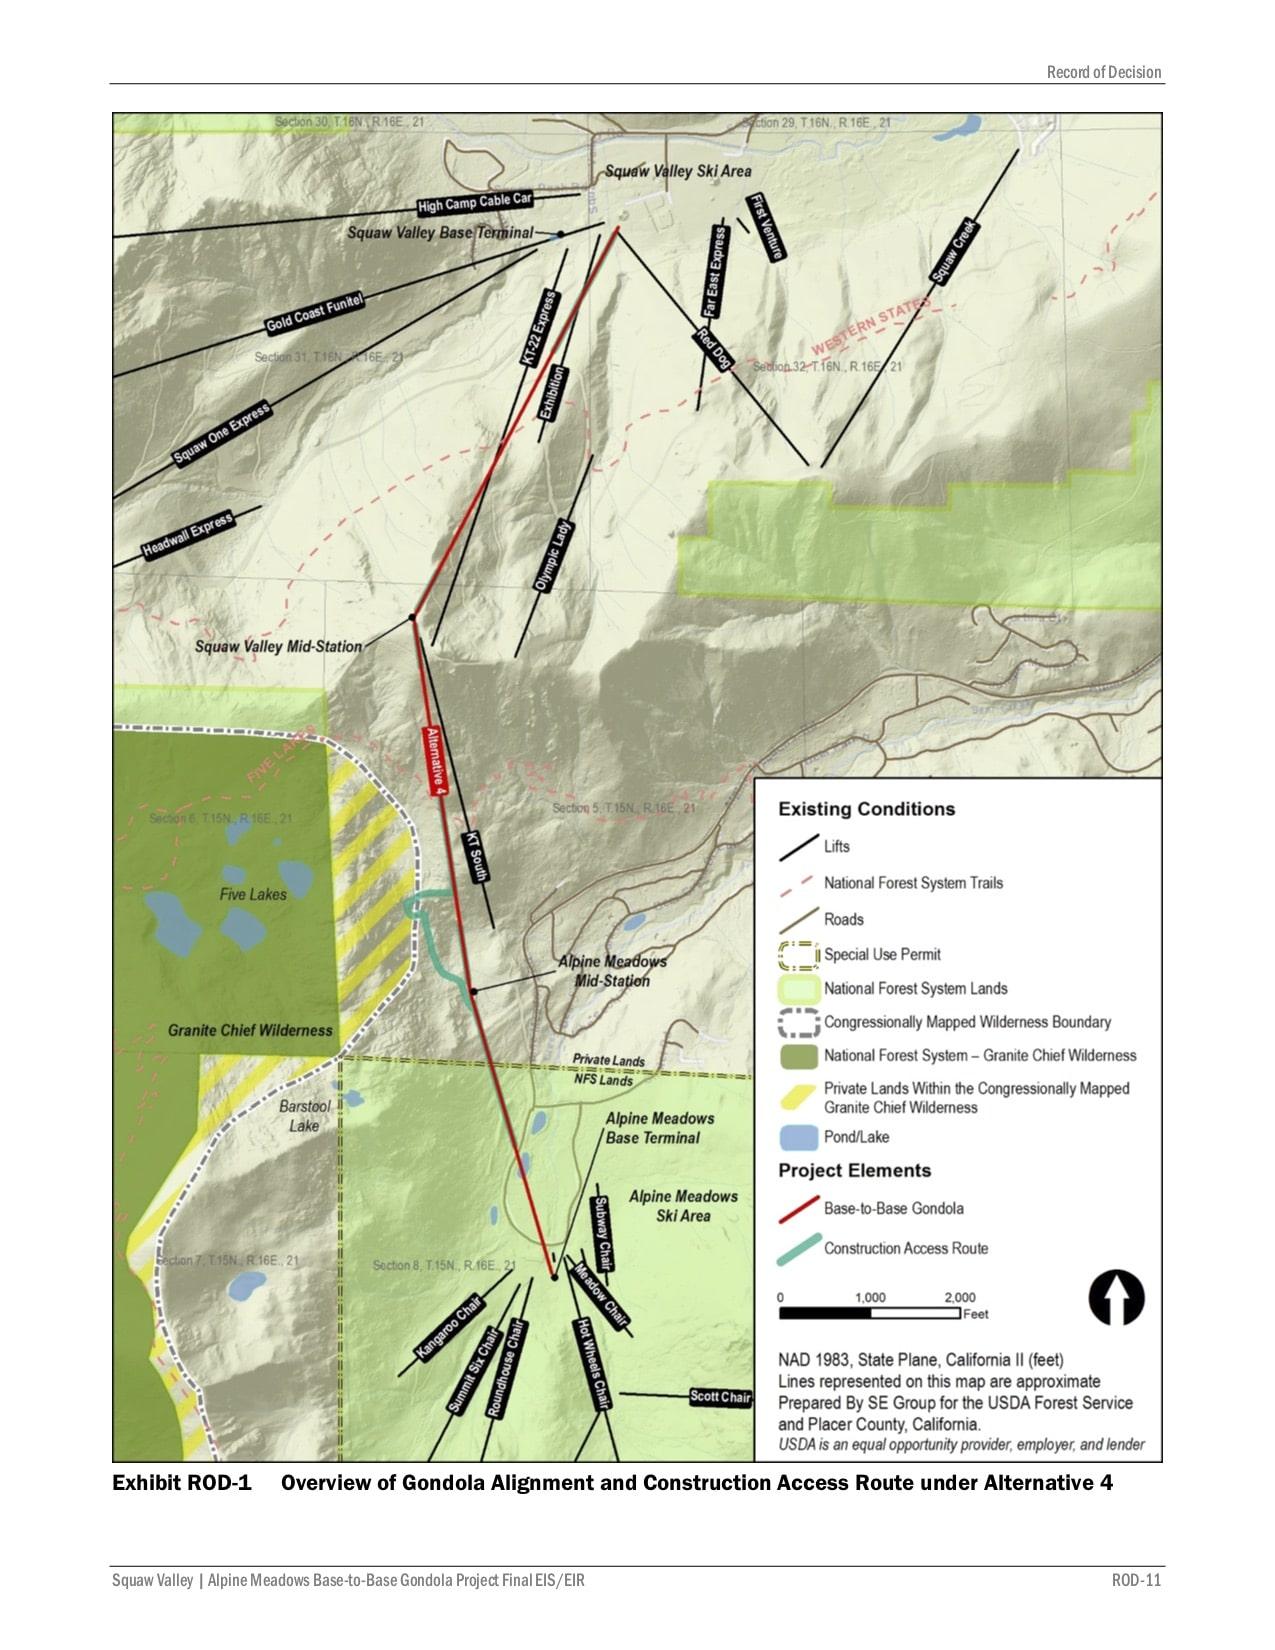 base-to-base, Squaw Valley, alpine meadows, California, gondola
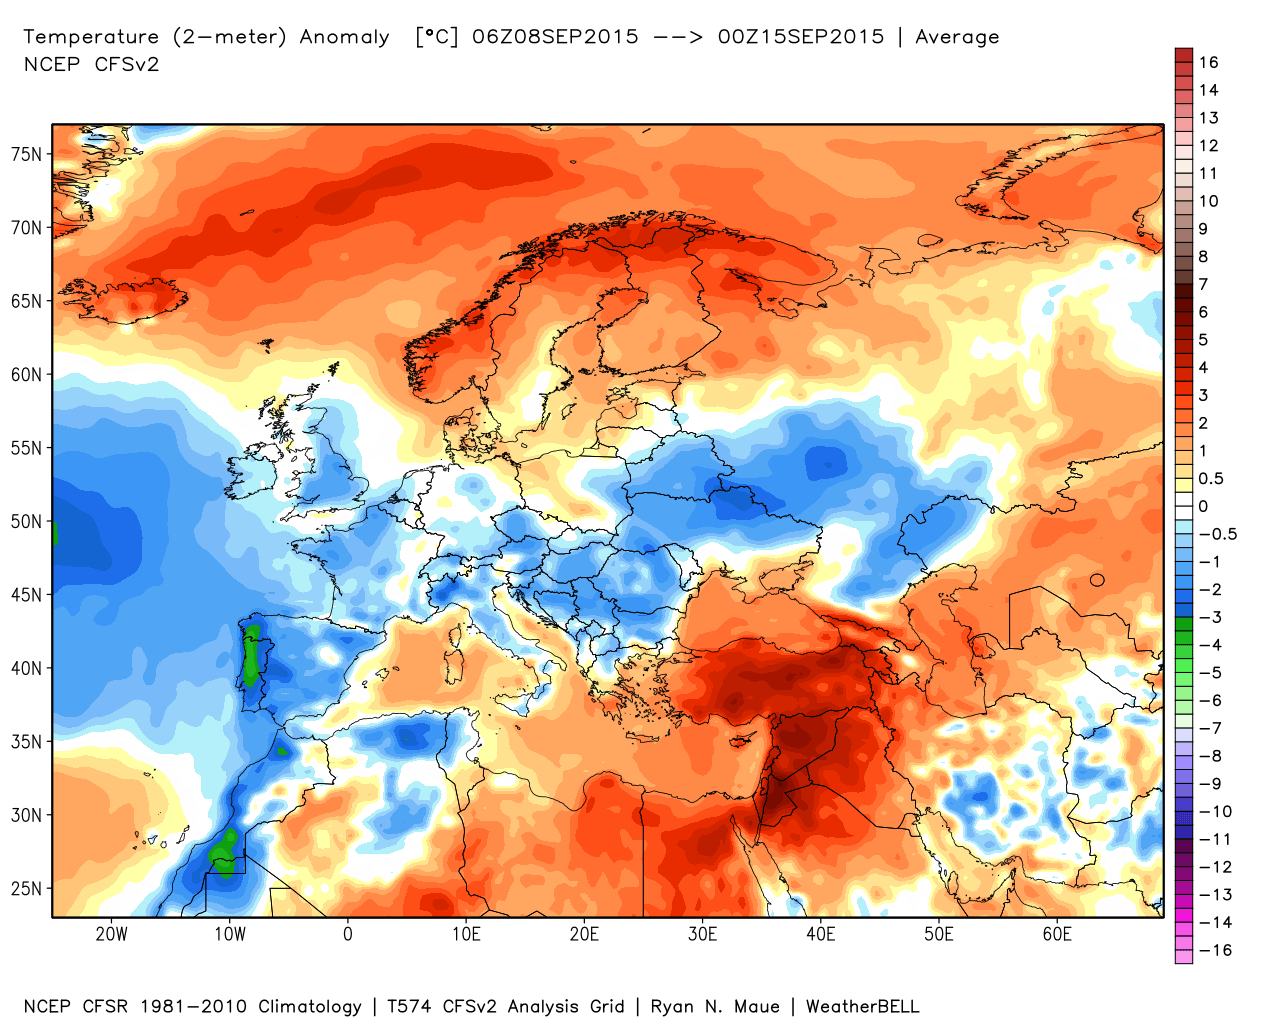 Le anomalie termiche della seconda settimana di settembre.
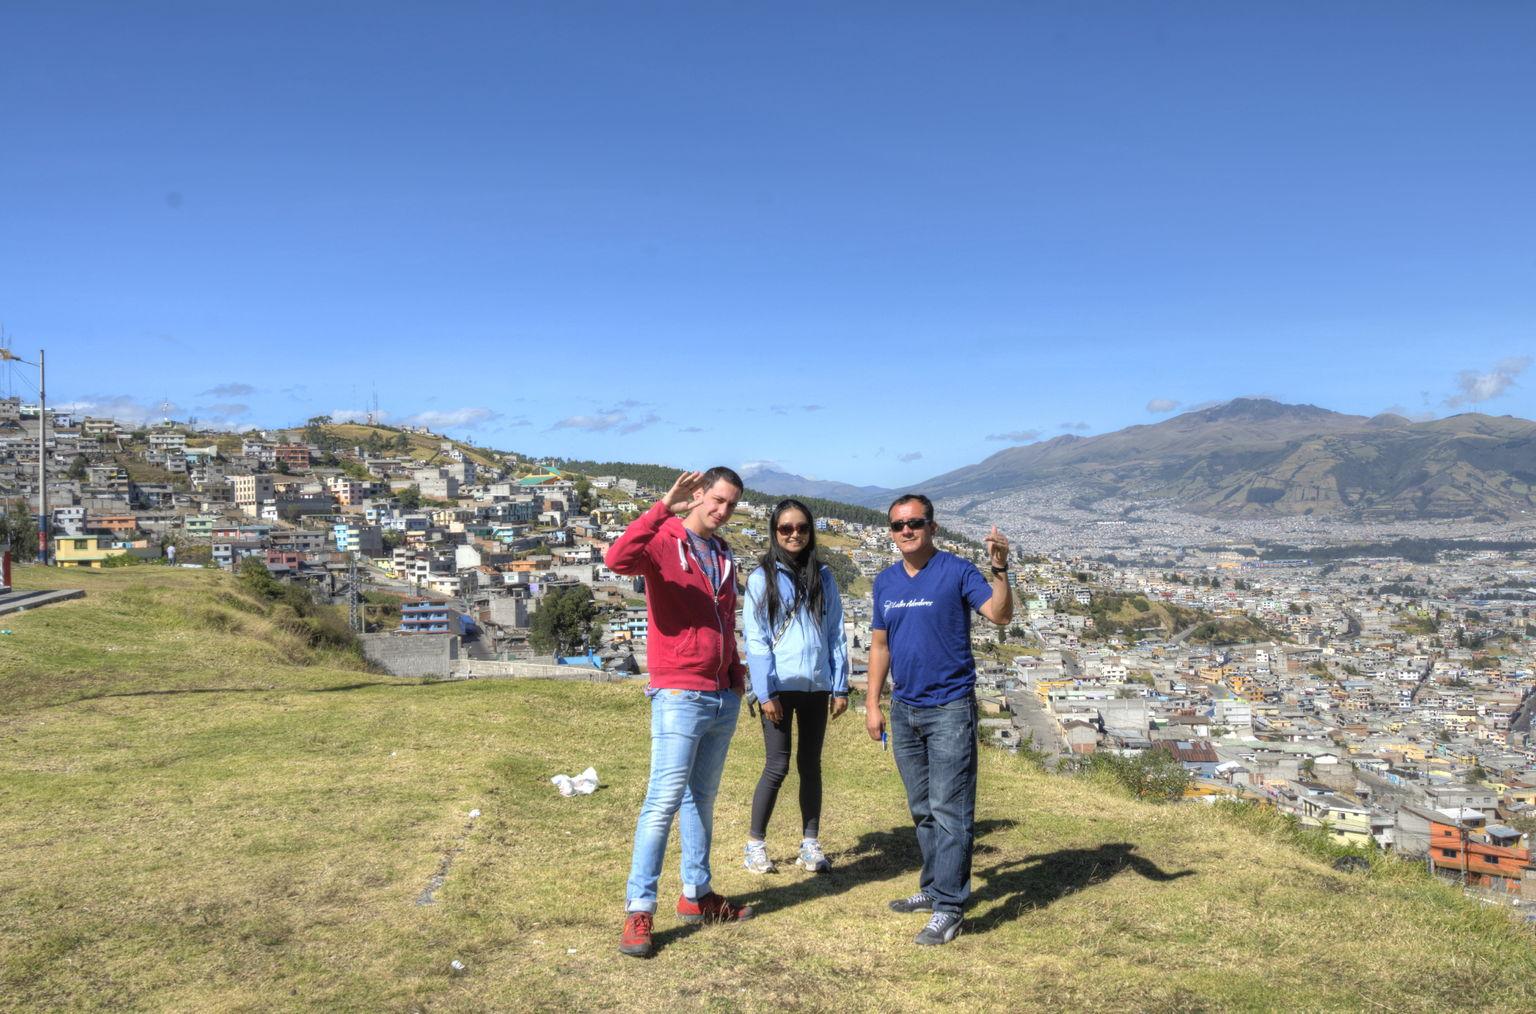 MÁS FOTOS, Salidas todos los días: recorridos para grupos pequeños al volcán Cotopaxi desde Quito

Task requirements -> Retype the data exactly as it stands, but keep the images out of your copy.

Task solution ->
 base-to-base, Squaw Valley, alpine meadows, California, gondola
 Le anomalie termiche della seconda settimana di settembre.
 MÁS FOTOS, Salidas todos los días: recorridos para grupos pequeños al volcán Cotopaxi desde Quito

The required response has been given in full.